The command returns metadata about the copy operation. For example, here is an output for an operation that is in progress:

done: false
metadata:
  `@type`: type.googleapis.com/google.logging.v2.CopyLogEntriesMetadata
  progress: 75
  destination: storage.googleapis.com/my-storage-bucket-1
  source: projects/my-test-project/locations/us-central1/buckets/my-logging-bucket-2
  verb: copy
  startTime: `2024-05-23T10:52:40.039751Z`
  state: OPERATION_STATE_RUNNING
name: projects/my-test-project/locations/us-central1/buckets/my-logging-bucket-2
   </pre>

Cancel a copy operation

You can cancel an in-progress copy operation. If you cancel a copy operation, all log entries that were copied before the operation was cancelled remain in the Cloud Storage bucket.

After cancelling a copy operation, Logging completes all ongoing processes before it completes the cancellation. This might result in some log entries still being copied to Cloud Storage after you cancel the operation.
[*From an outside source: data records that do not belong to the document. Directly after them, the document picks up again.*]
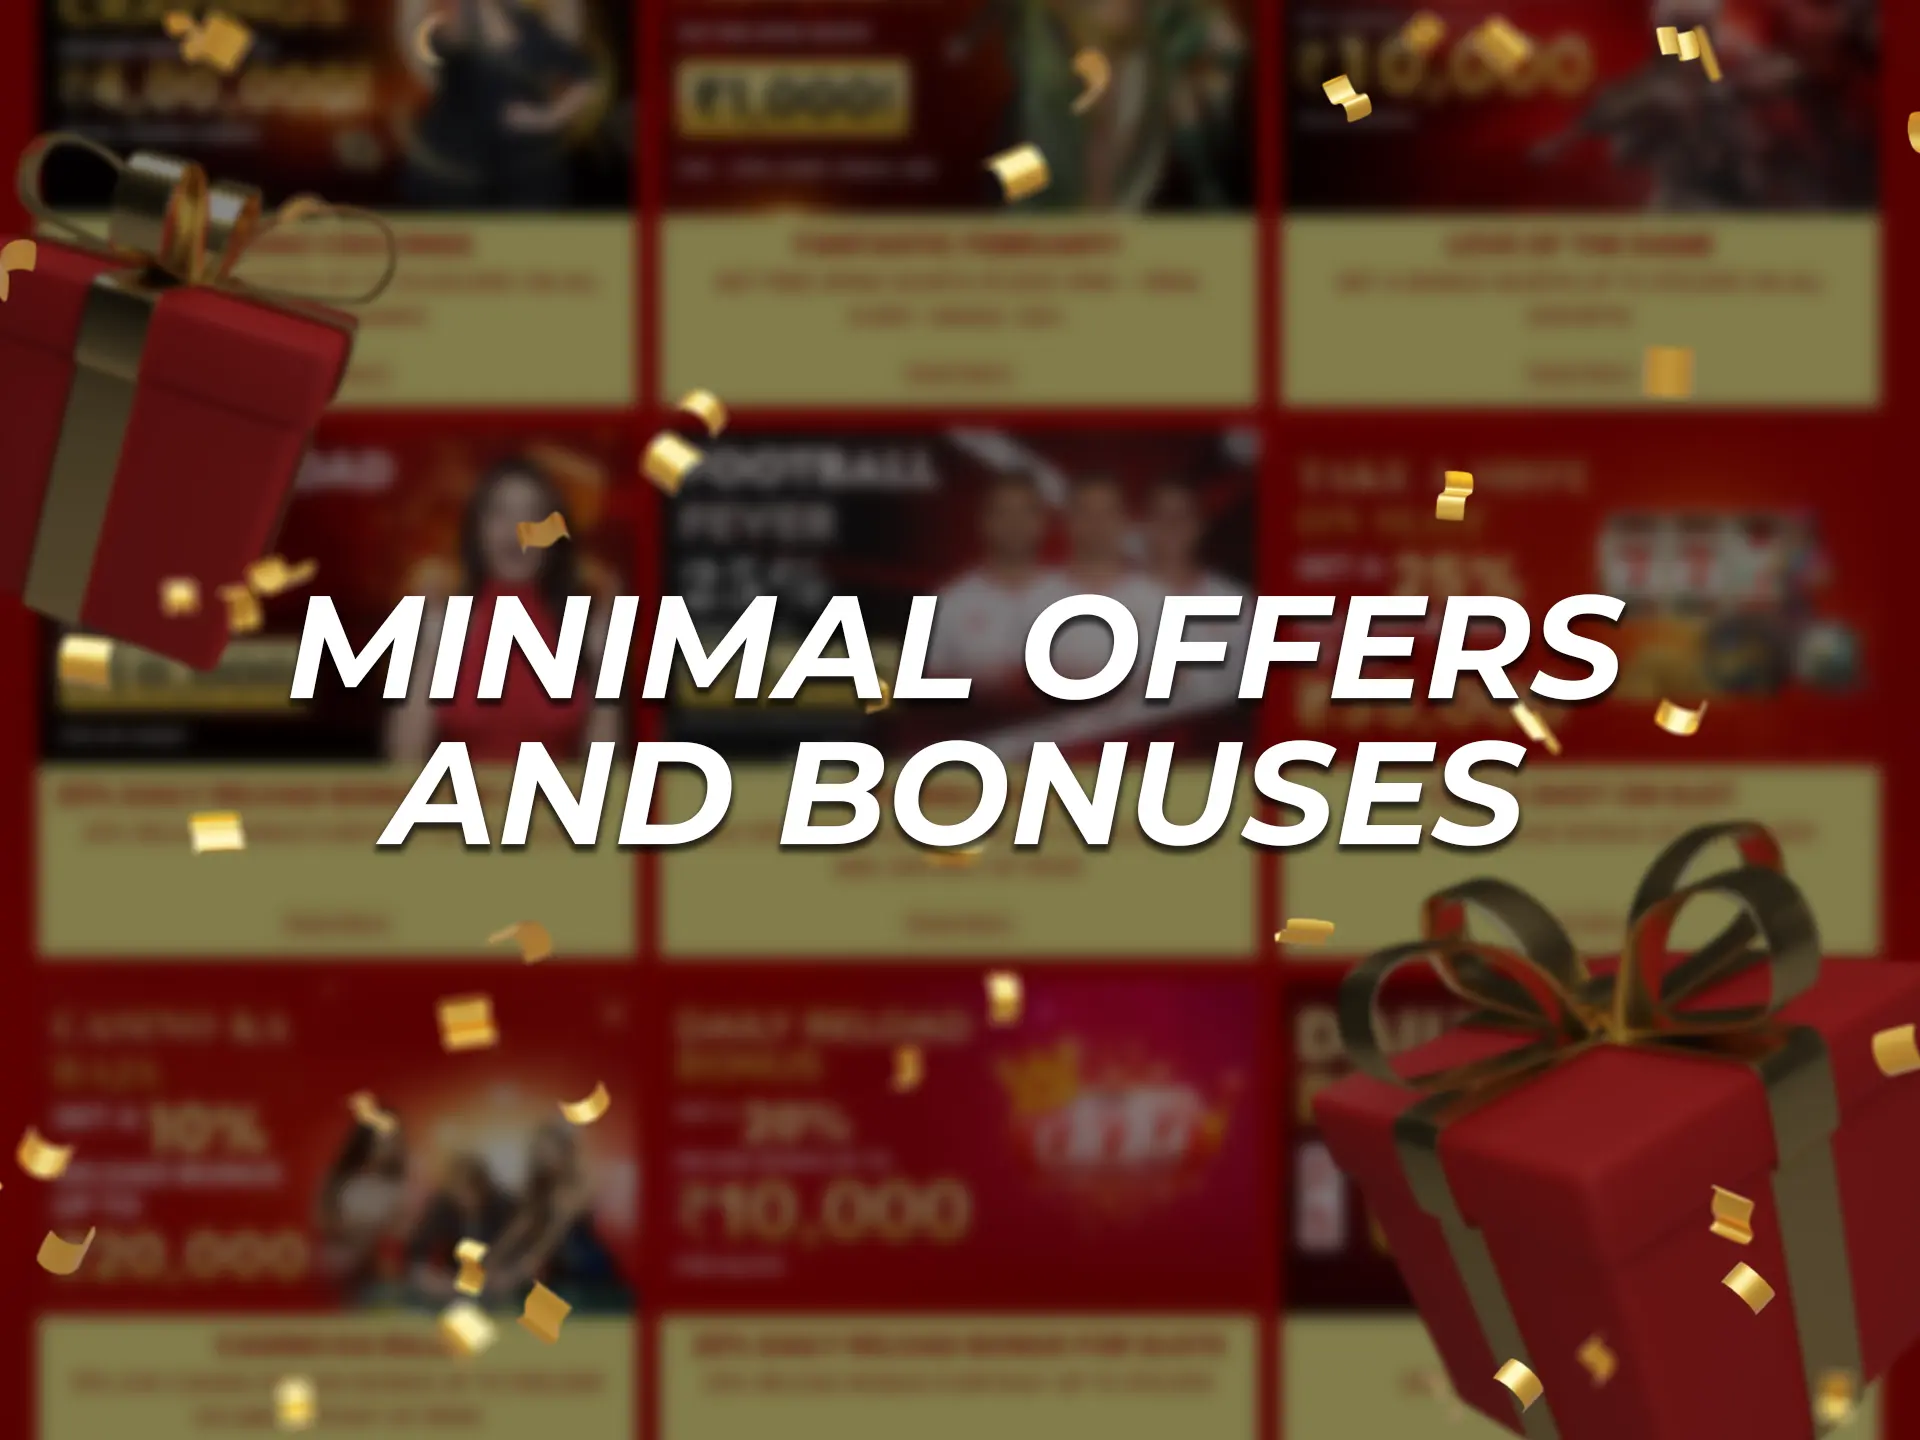 New online bookmakers often offer additional privileges and great promotions and bonuses.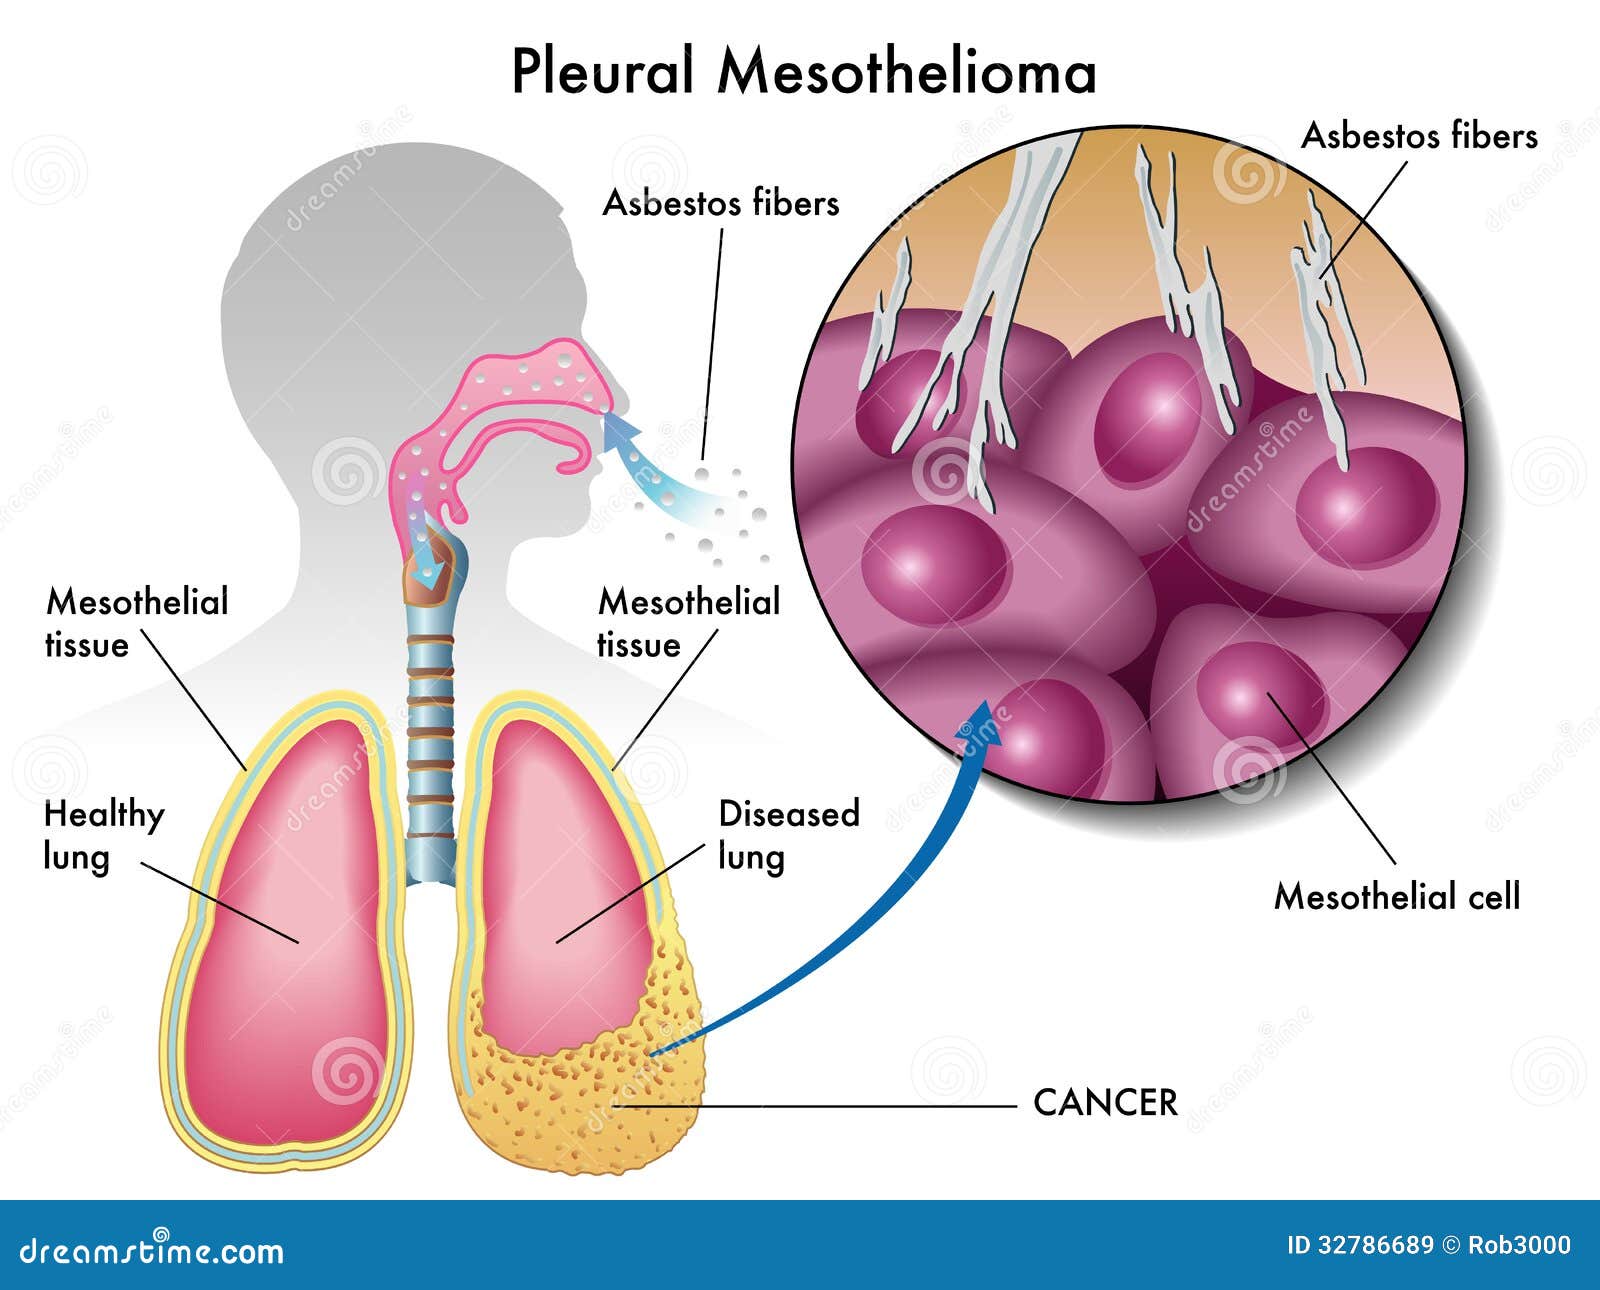 is mesothelioma cancer curable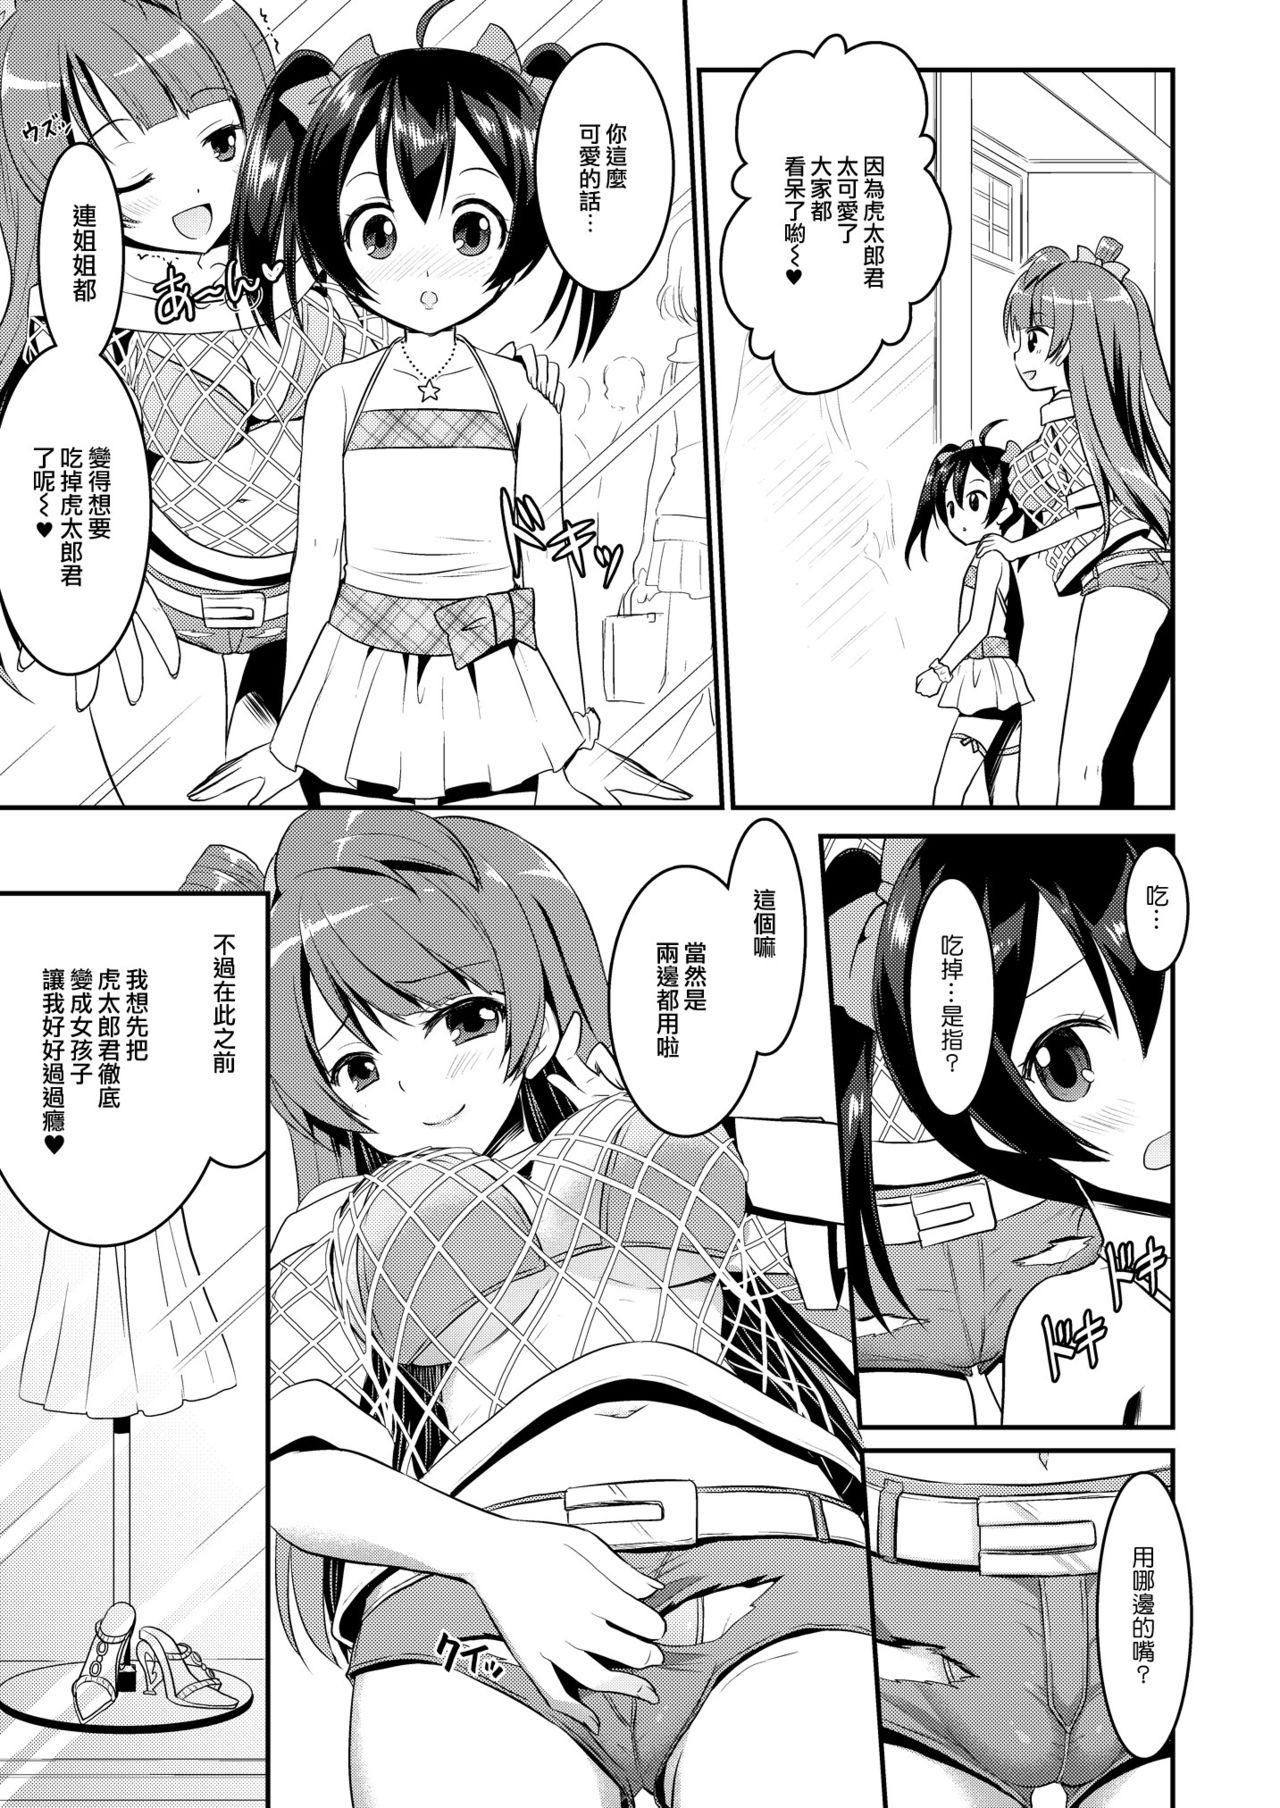 Whipping Eat Meat Girl 4 - Love live Bed - Page 9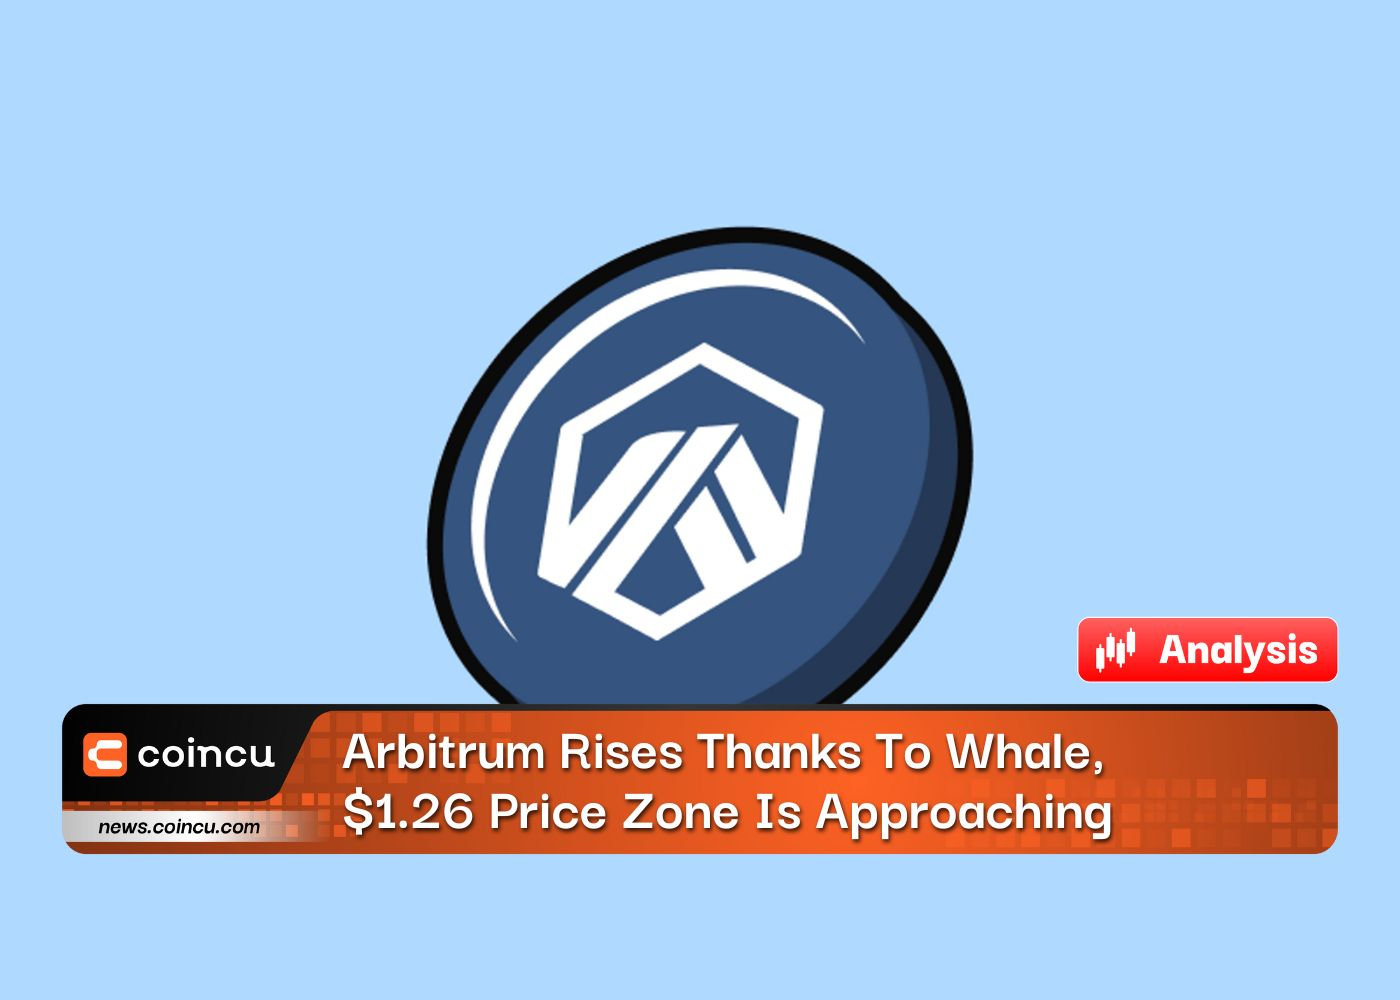 Arbitrum Rises Thanks To Whale, $1.26 Price Zone Is Approaching

To cancel a copy operation, run the following command:

gcloud logging operations cancel OPERATION_ID \
--location=LOCATION --project=PROJECT_ID

Before you run the previous command, do the following:

• Replace OPERATION_ID with the ID of the operation.
• Replace LOCATION with the location of the log bucket that you are copying from.
• Replace PROJECT_ID with your Google Cloud project ID.

View logs in Cloud Storage

To view and understand the logs that you copied to Cloud Storage, see View logs routed to Cloud Storage.

Quotas and limits

All copy operations take at least an hour to complete, no matter the amount of data that is being copied.

To copy a large volume—for example, petabytes—split the copying across multiple copy operations by using the timestamp field in the --filter flag.

The copy command cannot copy log entries whose retention has expired.

Pricing

Cloud Logging doesn't charge to route logs to a supported destination; however, the destination might apply charges. With the exception of the _Required log bucket, Cloud Logging charges to stream logs into log buckets and for storage longer than the default retention period of the log bucket.

Cloud Logging doesn't charge for copying logs, for creating log scopes or analytics views, or for queries issued through the Logs Explorer or Log Analytics pages.

For more information, see the following documents:

• Cloud Logging pricing summary

• Destination costs:

  • Cloud Storage pricing
  • BigQuery pricing
  • Pub/Sub pricing
  • Cloud Logging pricing
• VPC flow log generation charges apply when you send and then exclude your Virtual Private Cloud flow logs from Cloud Logging.